Retail sales dropped 1.1 per cent year on year, the seventh straight month of declines, versus predictions for a 0.1 per cent rise. Fixed asset investment, which includes spending on infrastructure and property, fell 1.6 per cent in the first seven months of the year, defying economists’ predictions for a rebound.

Yu Song, chief China economist at Goldman Sachs, said that the latest flurry of data raised the prospect that Beijing would hold its position on stimulus measures.

“With activity growth and unemployment largely steady . . . inflation rising and the virus increasingly under control without full-scale lockdown, policymakers likely see a lack of strong rationale to loosen their policy stance incrementally for now,” he said.

Overnight on Wall Street, the S&P 500 ended 0.2 per cent lower, just shy of its record high, while the tech-focused Nasdaq finished up 0.3 per cent.

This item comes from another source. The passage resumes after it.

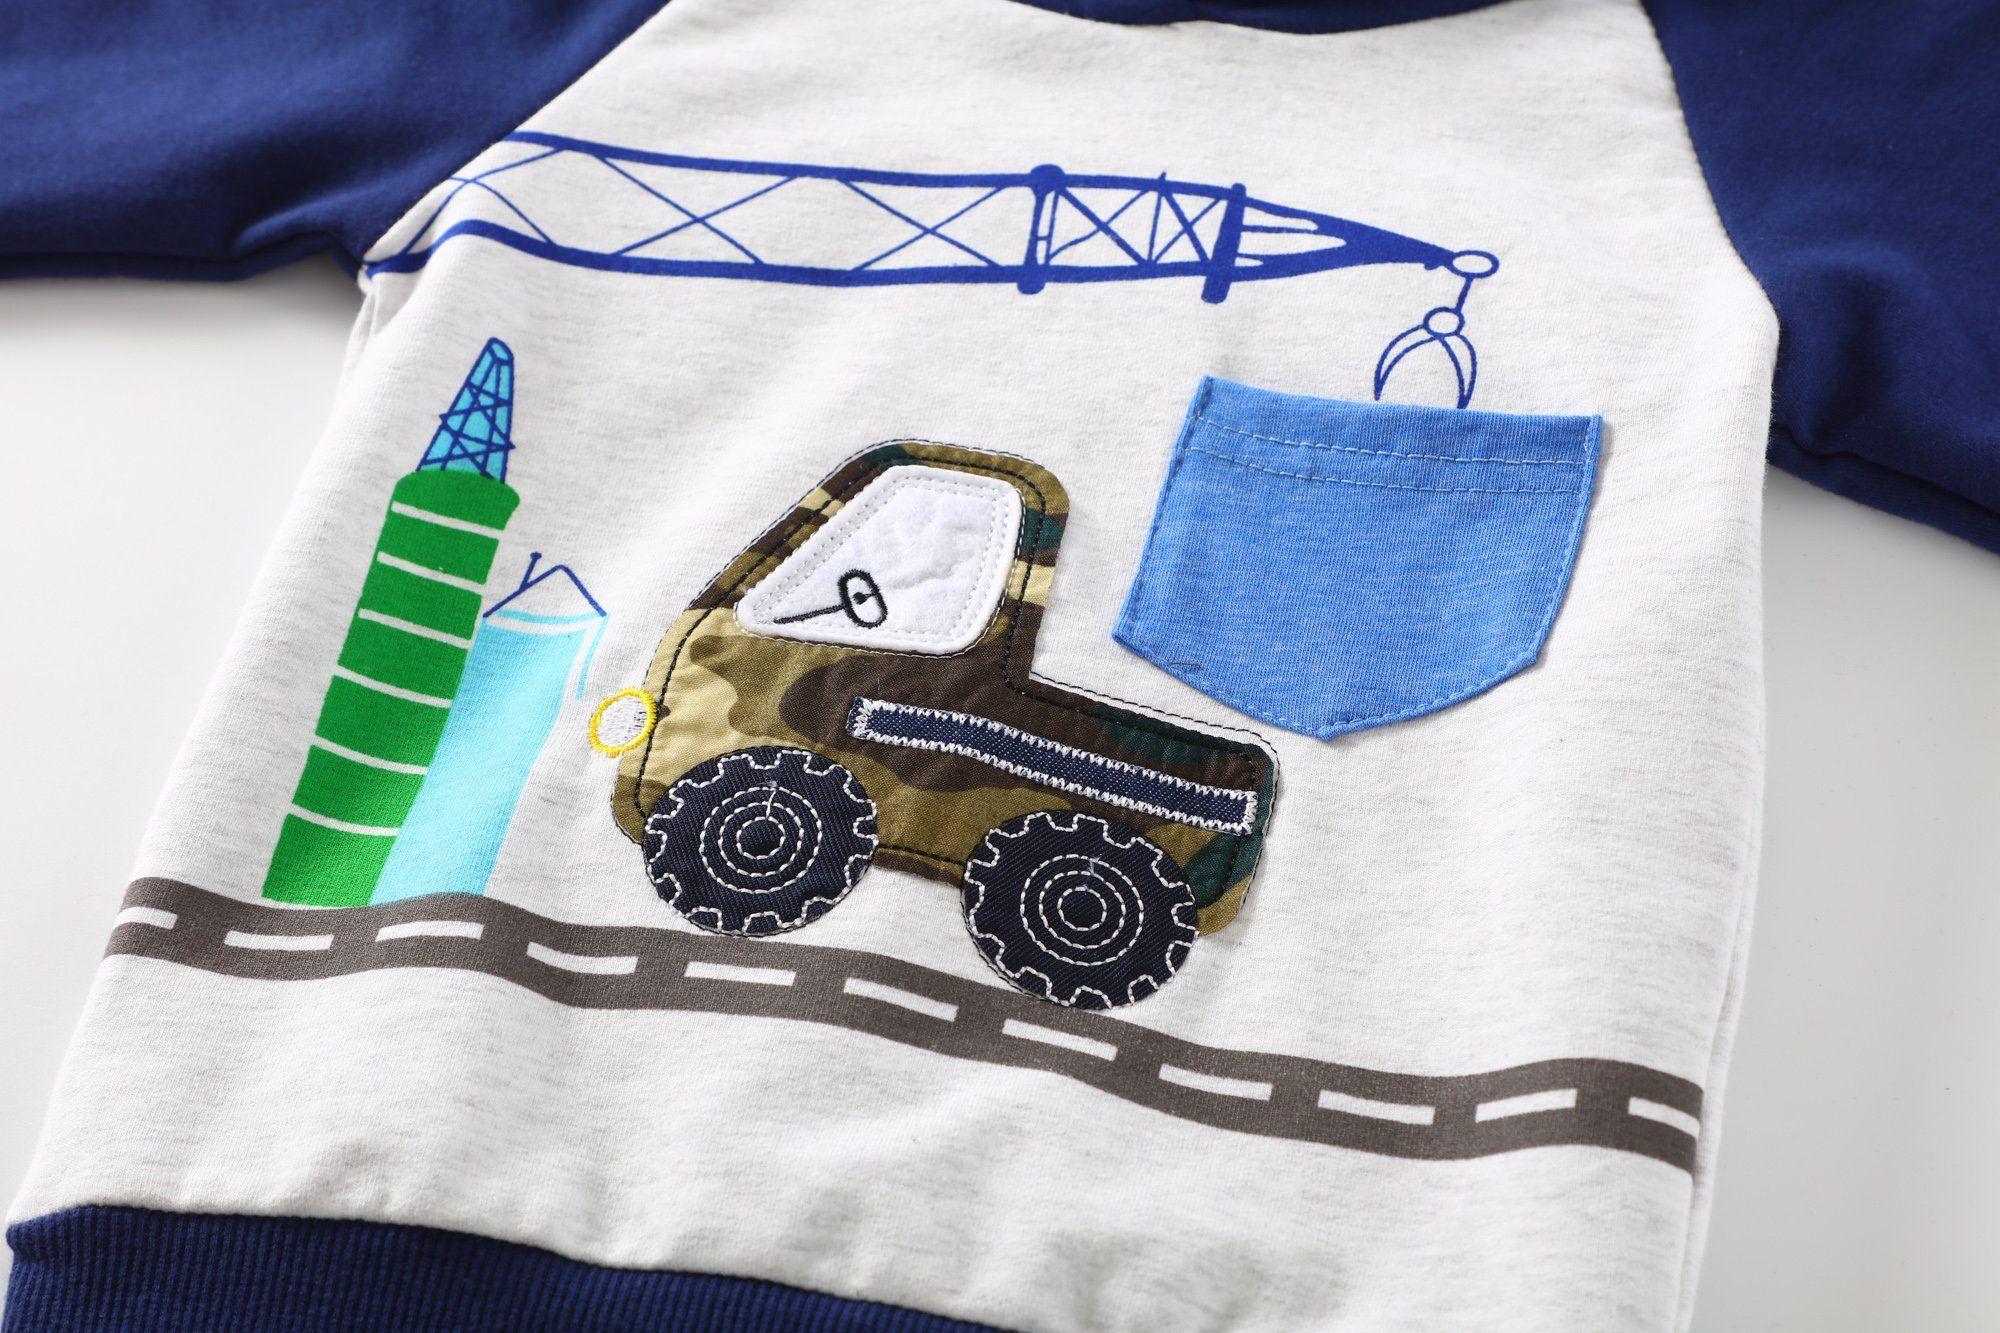 Baby Love Toddler Boys Clothes Outfit Truck Applique Hoodie Denim Jeans 2PCS Set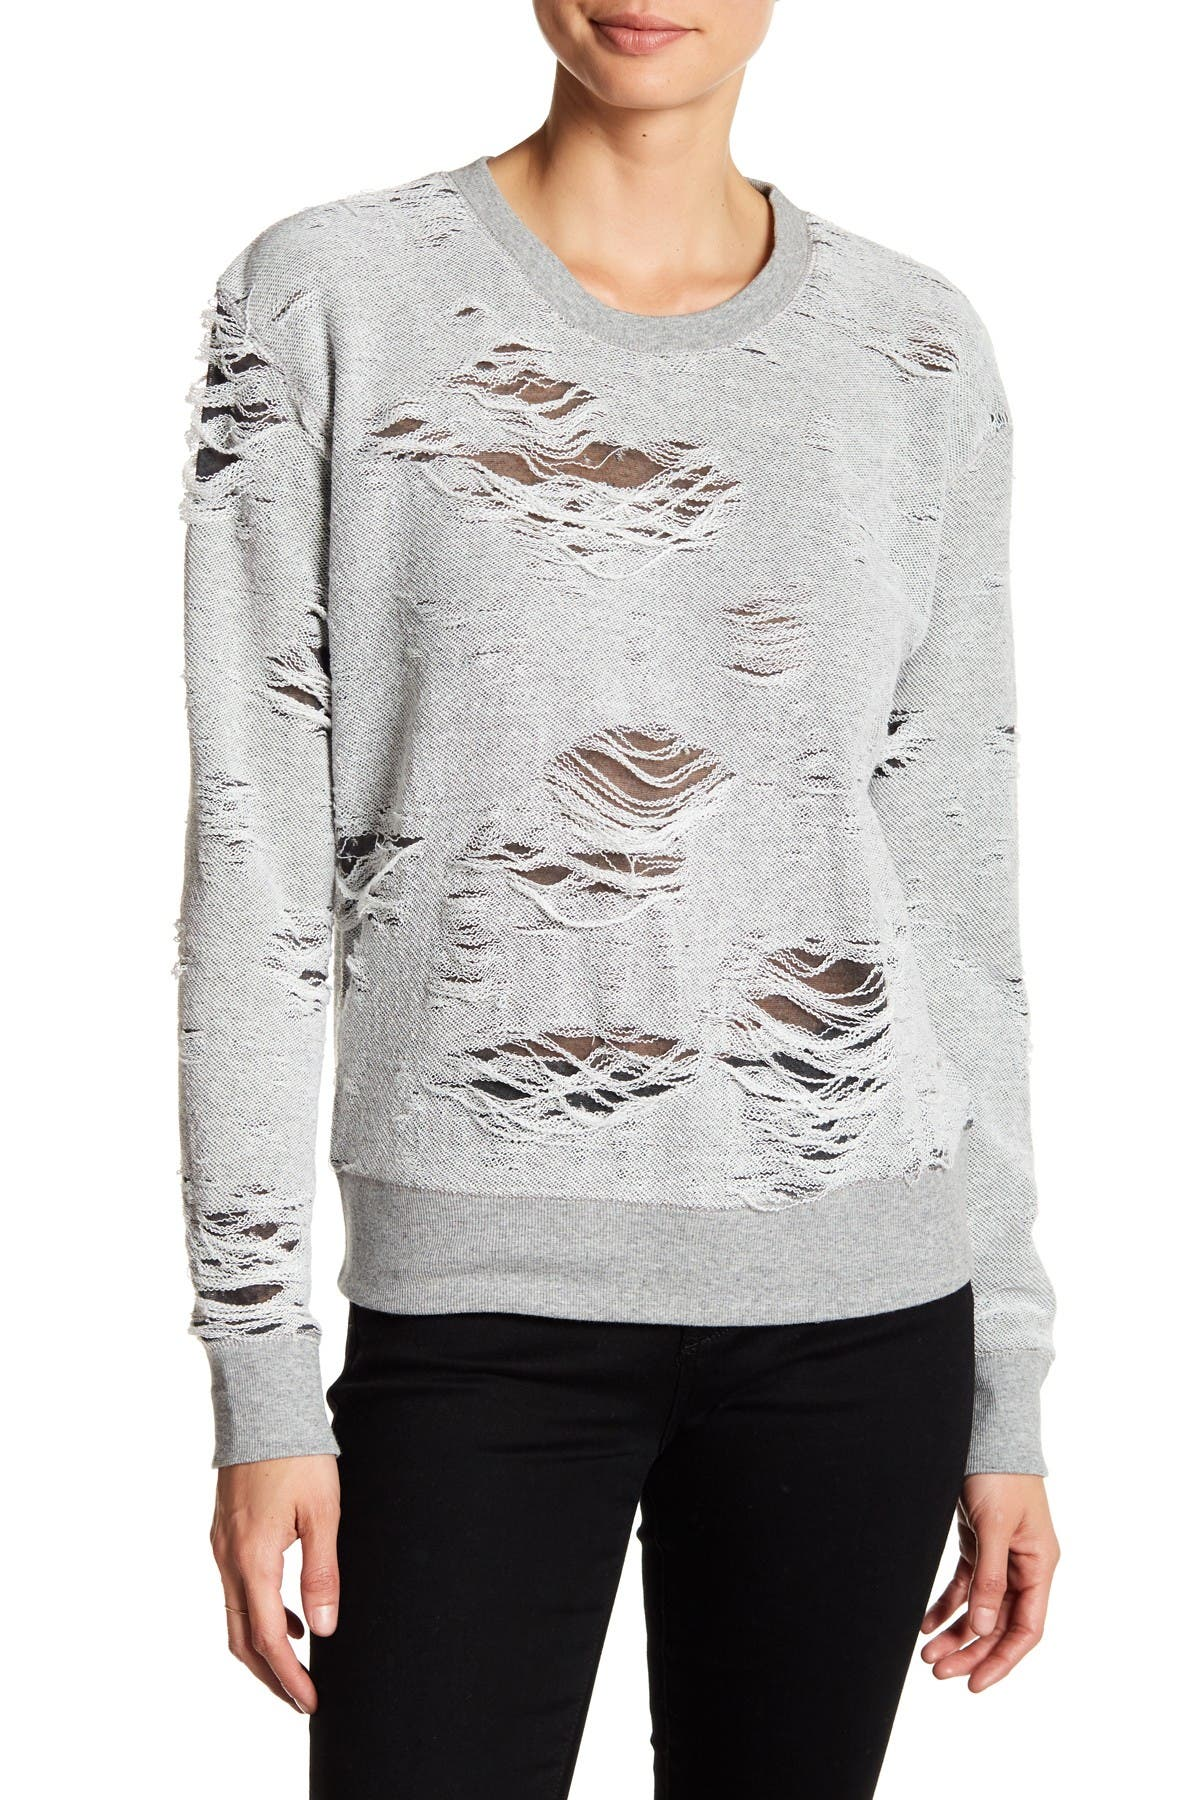 Image of Sweet Romeo Distressed Looped Knit Sweatshirt

The pause for US stocks came as data showed that the number of people who filed for unemployment benefits over the prior week fell below 1m for the first time since the pandemic began. Economists had forecast jobless claims of about 1.1m.

The positive figures dented traders’ expectations that the White House and Congress would quickly agree on a new support package for the millions of Americans left unemployed by Covid-19.

ANZ analysts highlighted the improving unemployment figures and positive inflation data this week as indications of an economic recovery but emphasised the need for more government support.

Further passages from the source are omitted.